One of the lovely (or not-so-lovely) things about our online “life” is that we can portray only the best and only the prettiest parts of our real life. Our houses are always clean, the children are always dressed and happy, and all of the meals for the week are planned. It is easy to get caught up in maintaining that rosy, perfect picture, afraid to admit that we truly are human and don’t really have it all together.

  Earlier this week on a Facebook group I’m a member of, a thread “Worst Housekeeping/Housecleaning Confessions” was started. It was such a blessing to me to read through it and see that I wasn’t the only one(!) who didn’t have a spotless house. I’m not the only one who struggles to stay on top of things, yet has laundry piled high waiting to be washed and a fridge that needs to be cleaned out.
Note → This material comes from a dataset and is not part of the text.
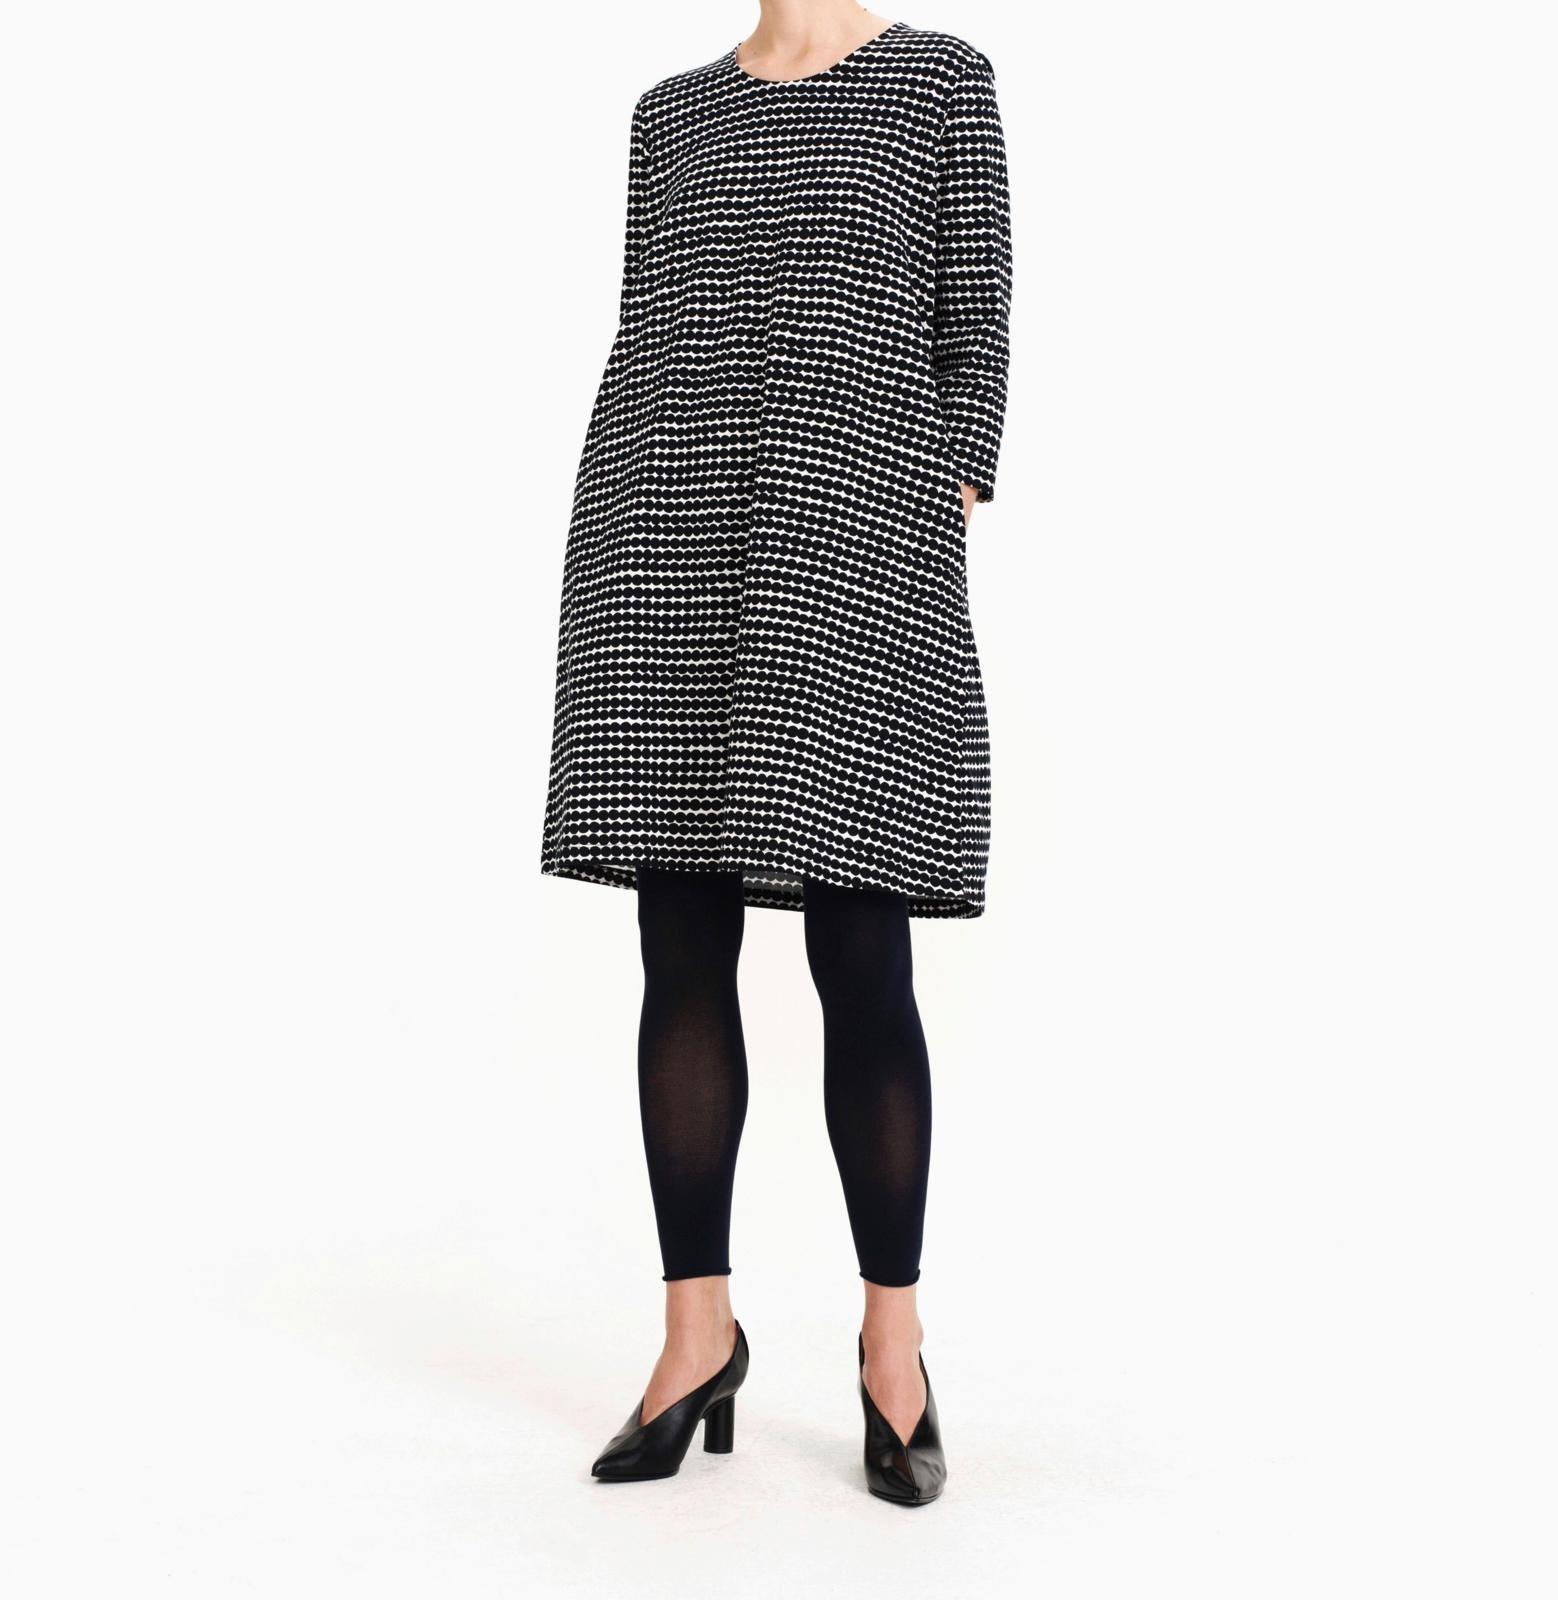 Räsymatto mekko Marimekko, koko S | Rekki

So when you feel overwhelmed, remember you aren’t the only one who has sat down and cried your eyes out because of the state of your home and because you feel like a failure as a homemaker. The real world and real life are messier and more disorganized than blogs and Pinterest would lead us to believe.
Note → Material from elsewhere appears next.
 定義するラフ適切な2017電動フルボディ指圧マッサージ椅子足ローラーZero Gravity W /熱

A trick that I’ve learned to help me when I have the housecleaning blues is to do one thing in each room that is noticeable. That gets the ball rolling and there is a difference (even if it’s small!) in each space. For example: in my bedroom, I’ll make the bed. In the living room I’ll make sure the couch and coffee table are straight. Little things like that will help me see where I want to go and give me motivation to get there.

I am a huge list maker. I make lists for everything. And I make lists when I clean. Checking things off of a list gives me an adrenaline rush (I know, I need to get out more) and sometimes my lists are ridiculous, depending on how airheaded I am that day.

I have also started using a timer extensively, thanks to the FlyLady. It is amazing to me how much I can get accomplished in 15 minutes of focused cleaning. I highly recommend doing this. In her book Sink Reflections, she gives the following “formula” for cleaning with a timer:

Set a timer for 15 minutes and work as fast as you can in one area until the timer sounds. Don’t get distracted and move until time is up. Set the timer for another 15 minutes and move to another area, even if the first isn’t finished—you can come to it later. Continue in this manner until you have cleaned for 3 sets of 15 minute intervals (a total of 45 minutes.) Set your timer for 15 minutes again and take a break.

This method has really worked well for me, even if I have to go back to an area a few times to finish it. I’ve found, however, that 15 minutes of focused cleaning is usually almost all that I need for most areas.